Stored data ▸
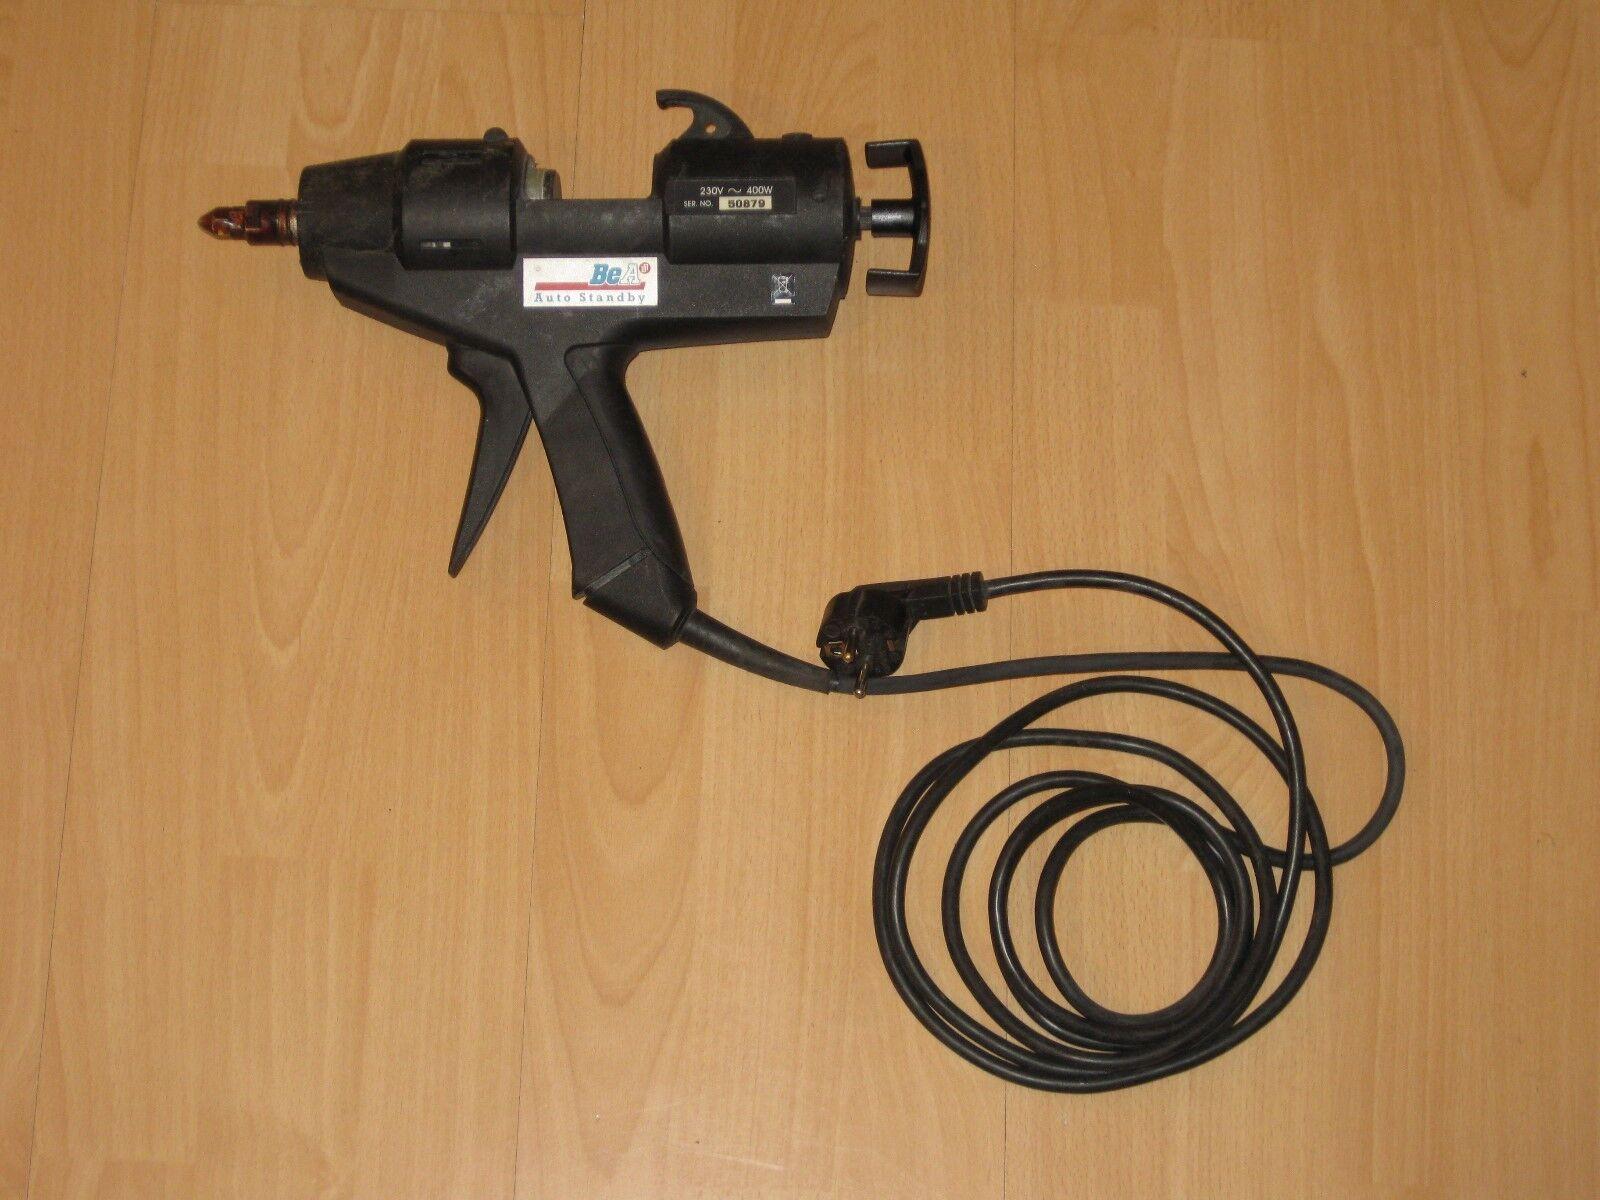 BEA 310 Plus Electronic Profi Schmelzklebepistole Heißklebepistole 400W NP 470 E
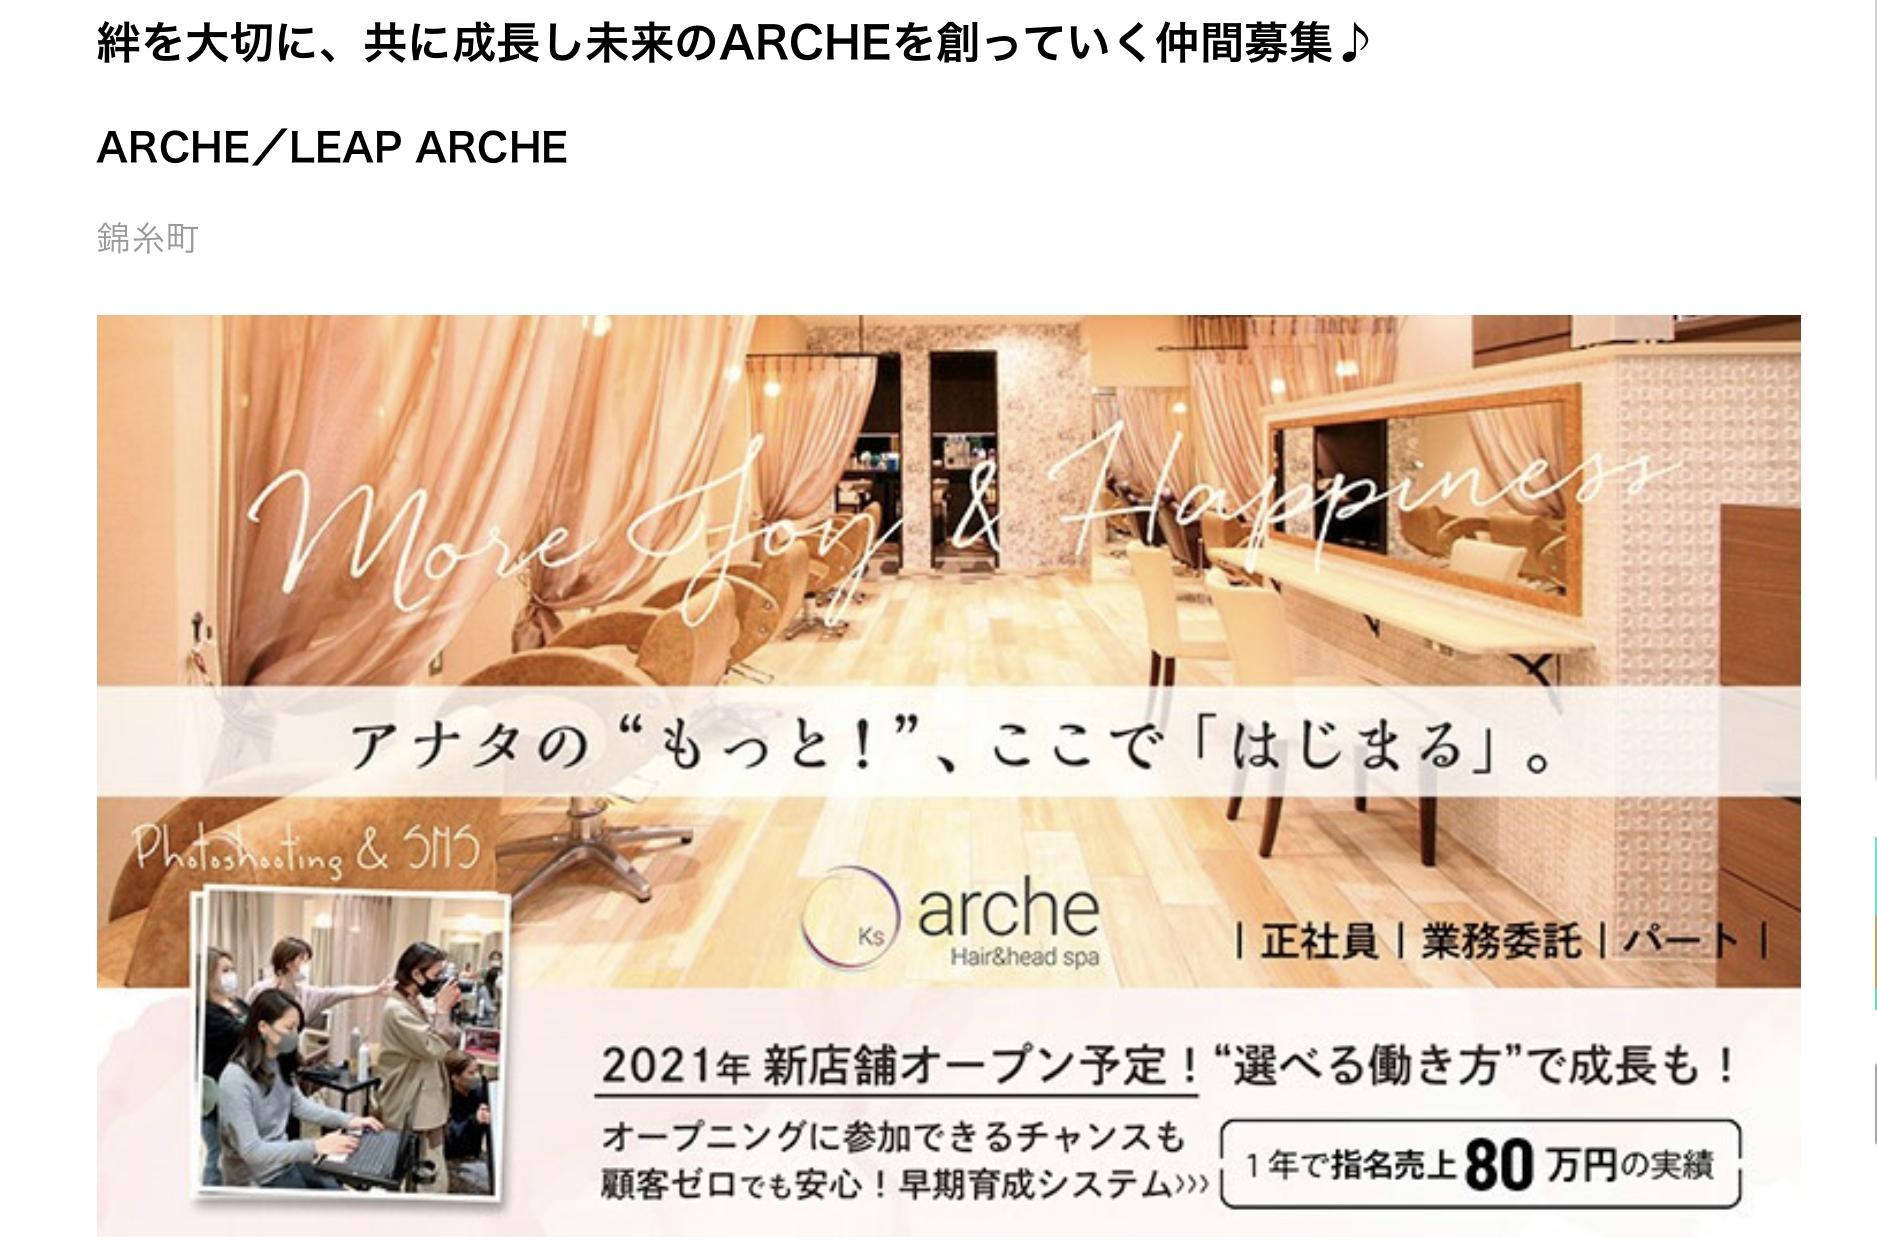 ARCHE錦糸町点⭐️アシスタント/スタイリスト募集❗️
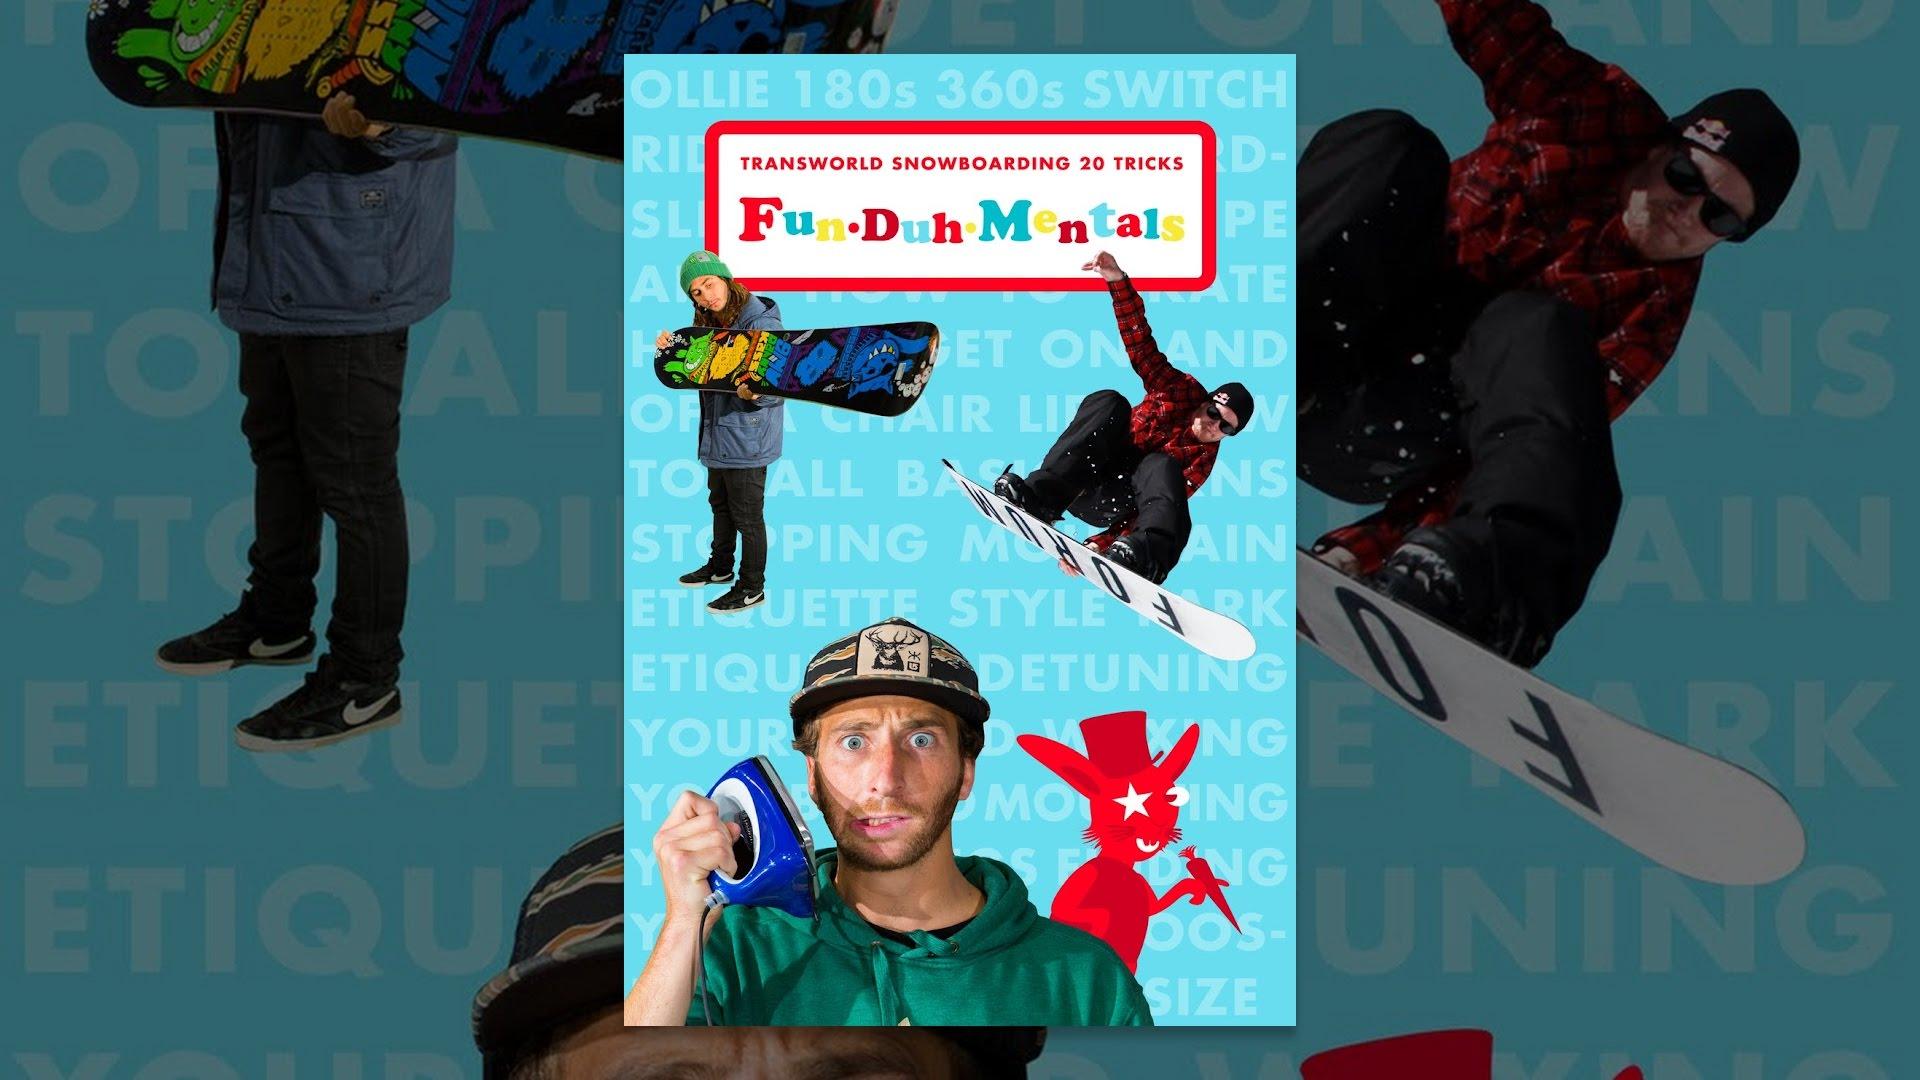 17950b9f9063 FunDuhMentals  Transworld Snowboarding 20 Tricks - YouTube

What you have to do ▸
Copy out all the data above exactly, minus the images.

Answer ▸
 BEA 310 Plus Electronic Profi Schmelzklebepistole Heißklebepistole 400W NP 470 E
 ARCHE錦糸町点⭐️アシスタント/スタイリスト募集❗️
 17950b9f9063 FunDuhMentals  Transworld Snowboarding 20 Tricks - YouTube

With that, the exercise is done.